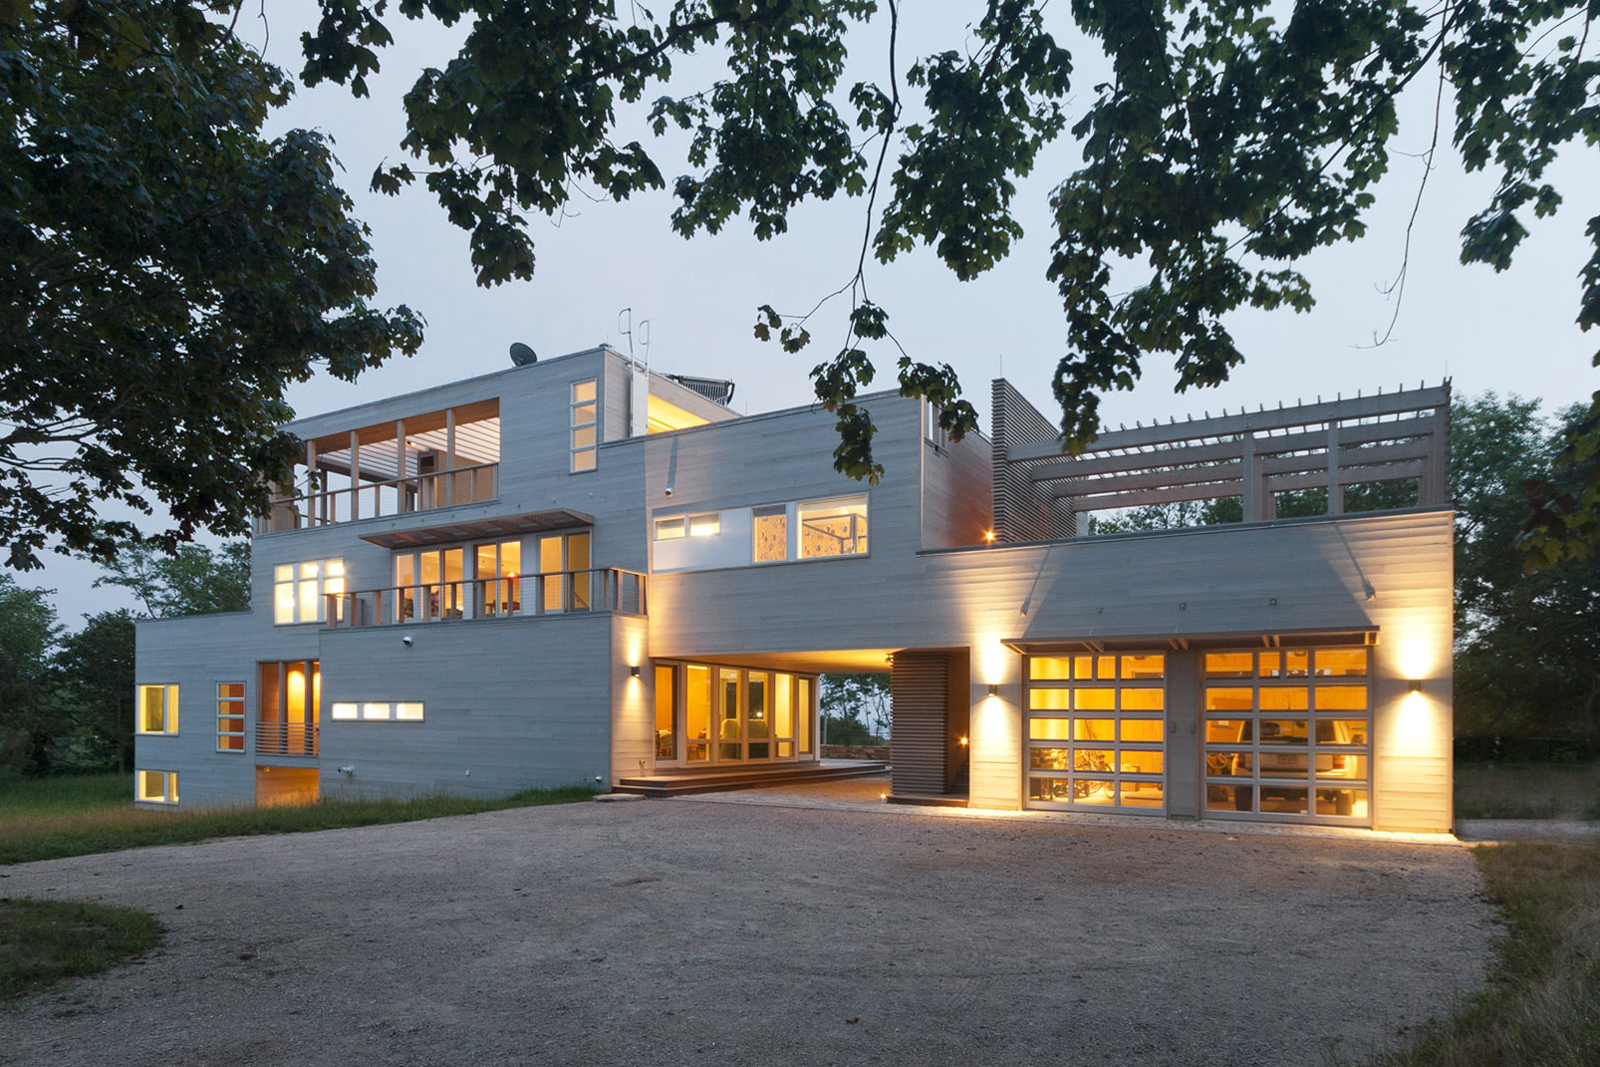 28-res4-resolution-4-architecture-modern-modular-home-prefab-house-fishers-island-exterior.jpg
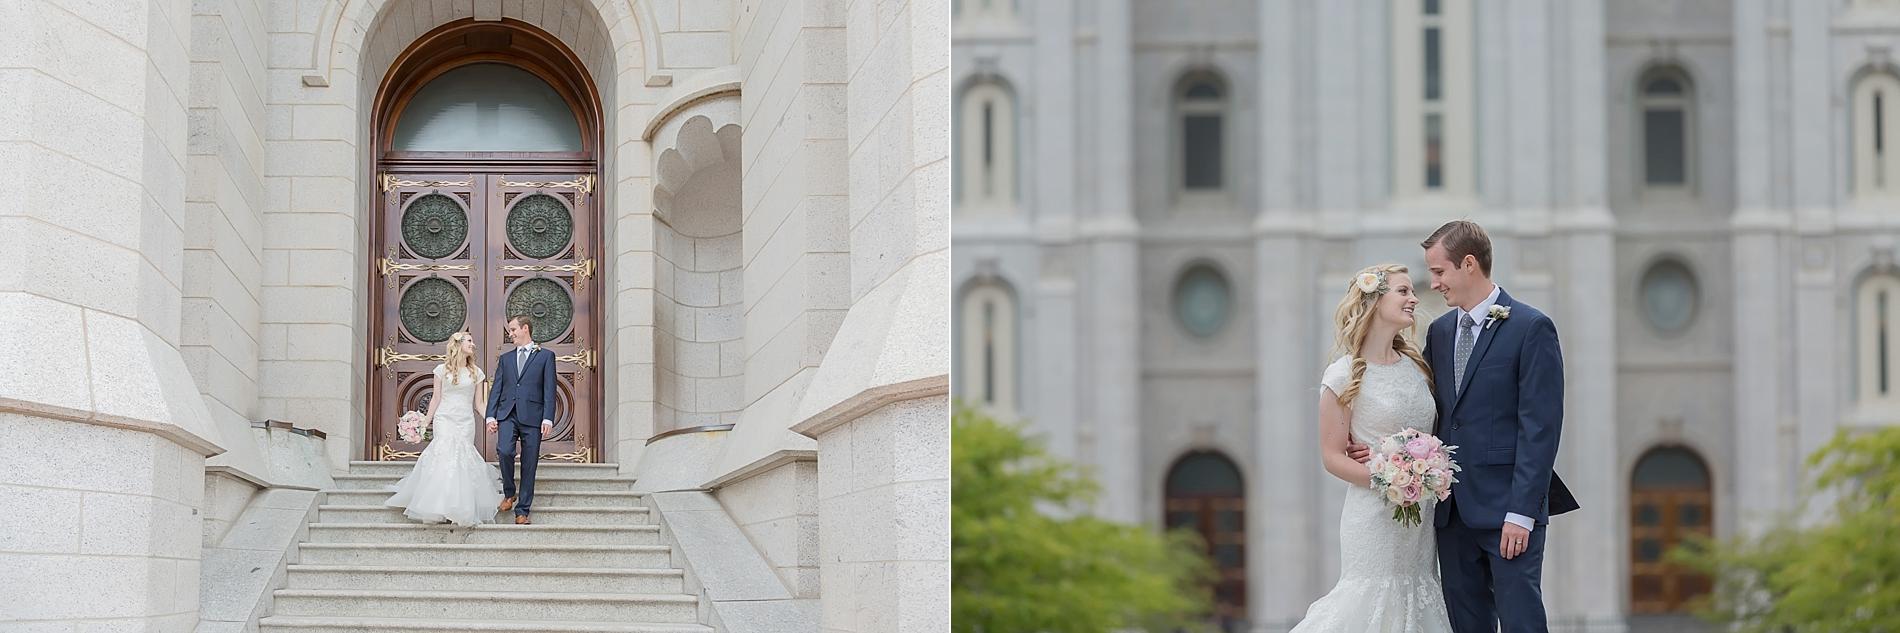 SLC-lds-temple-wedding-6
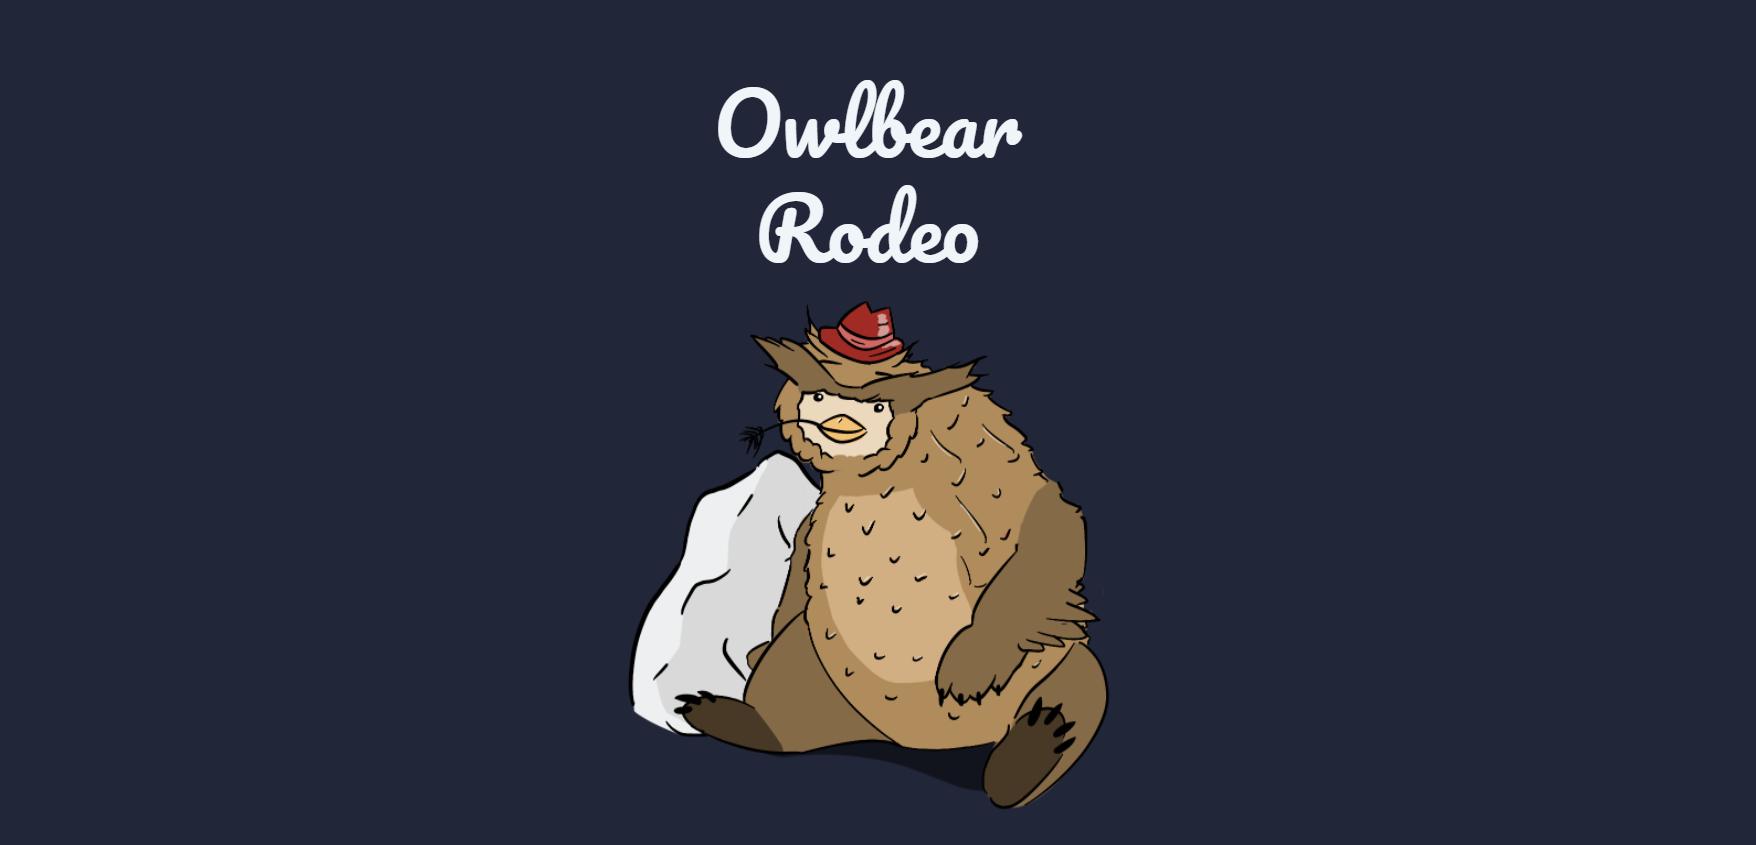 Owlbear Radio.png
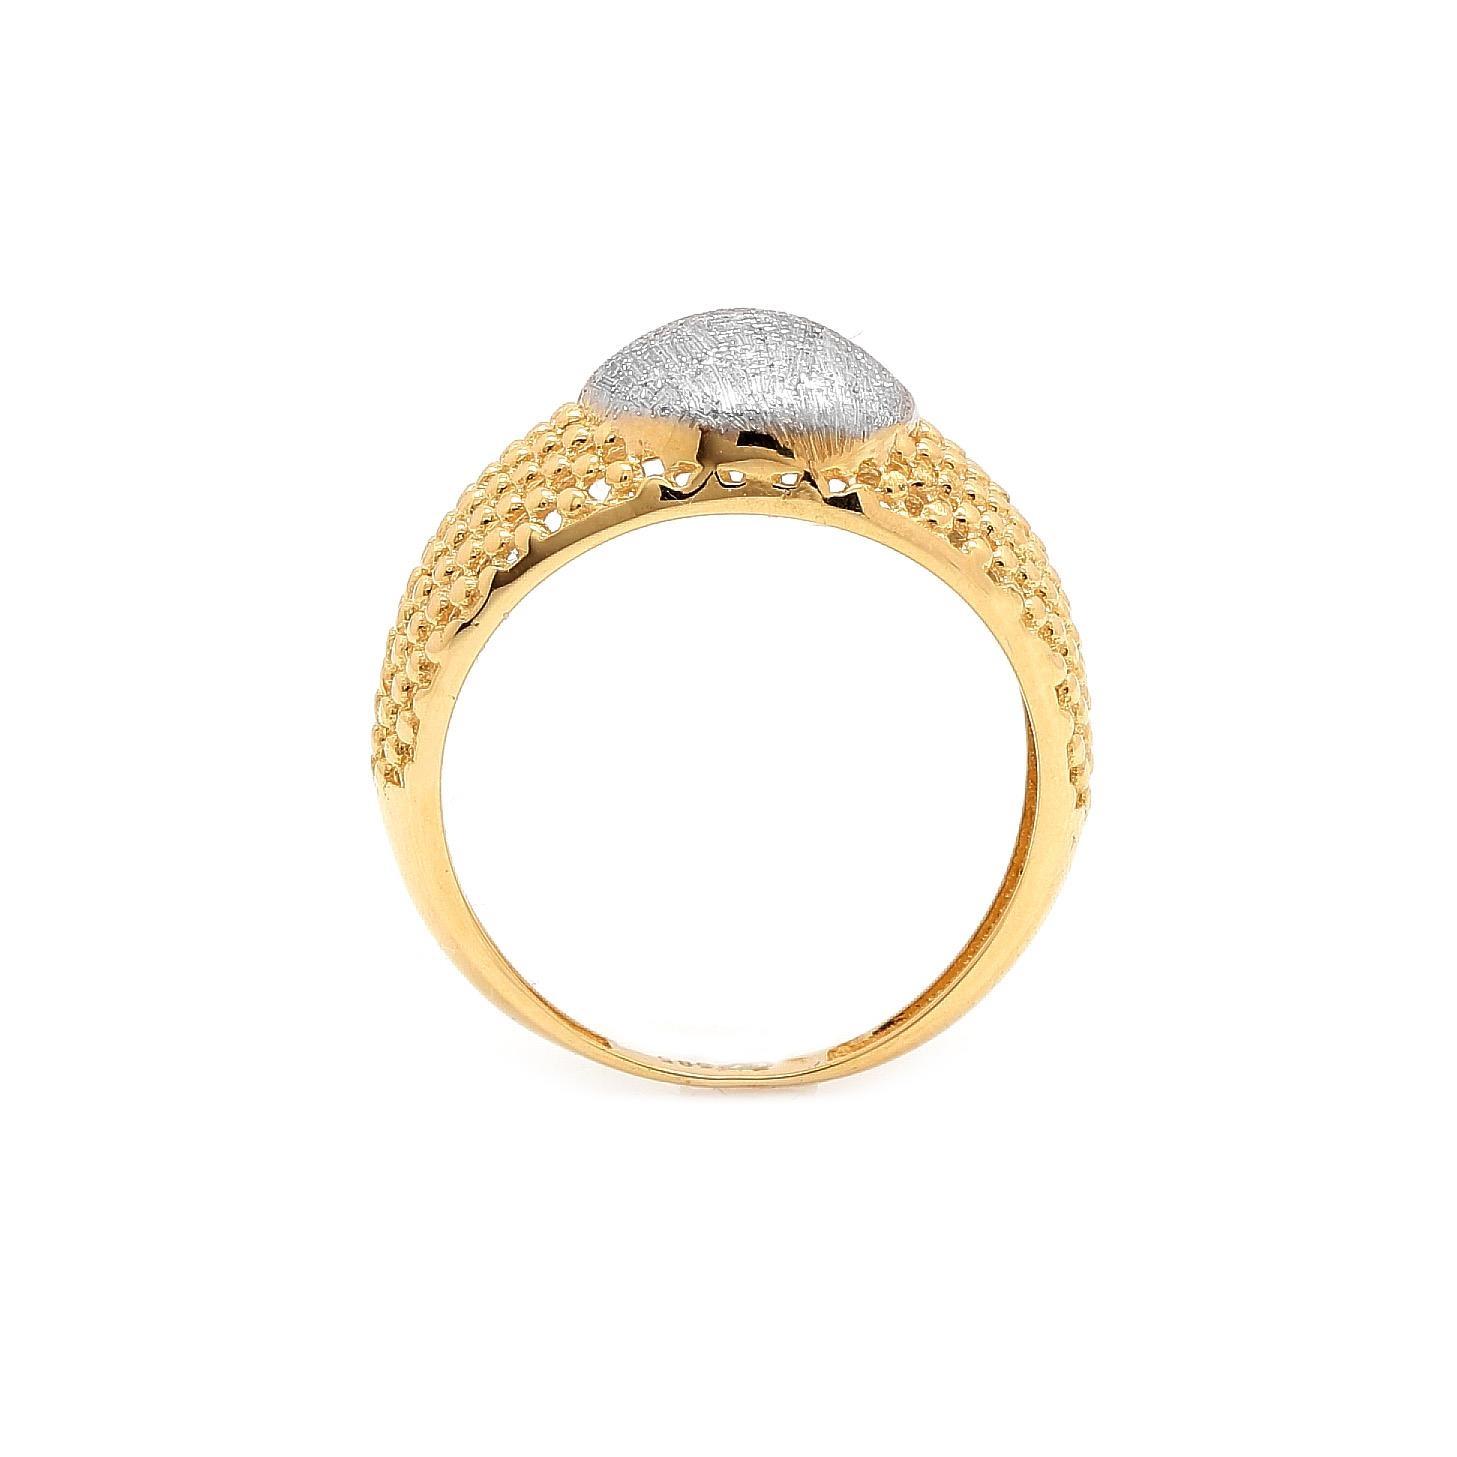 ... zlatý prsteň apolline 2 272e9adc3cd

▶ _TASK OBJECTIVE_: Give the data again exactly, image-free.

▶ _REPLY TO THE TASK_:
 28-res4-resolution-4-architecture-modern-modular-home-prefab-house-fishers-island-exterior.jpg
 SLC-lds-temple-wedding-6
 Owlbear Radio.png
 ... zlatý prsteň apolline 2 272e9adc3cd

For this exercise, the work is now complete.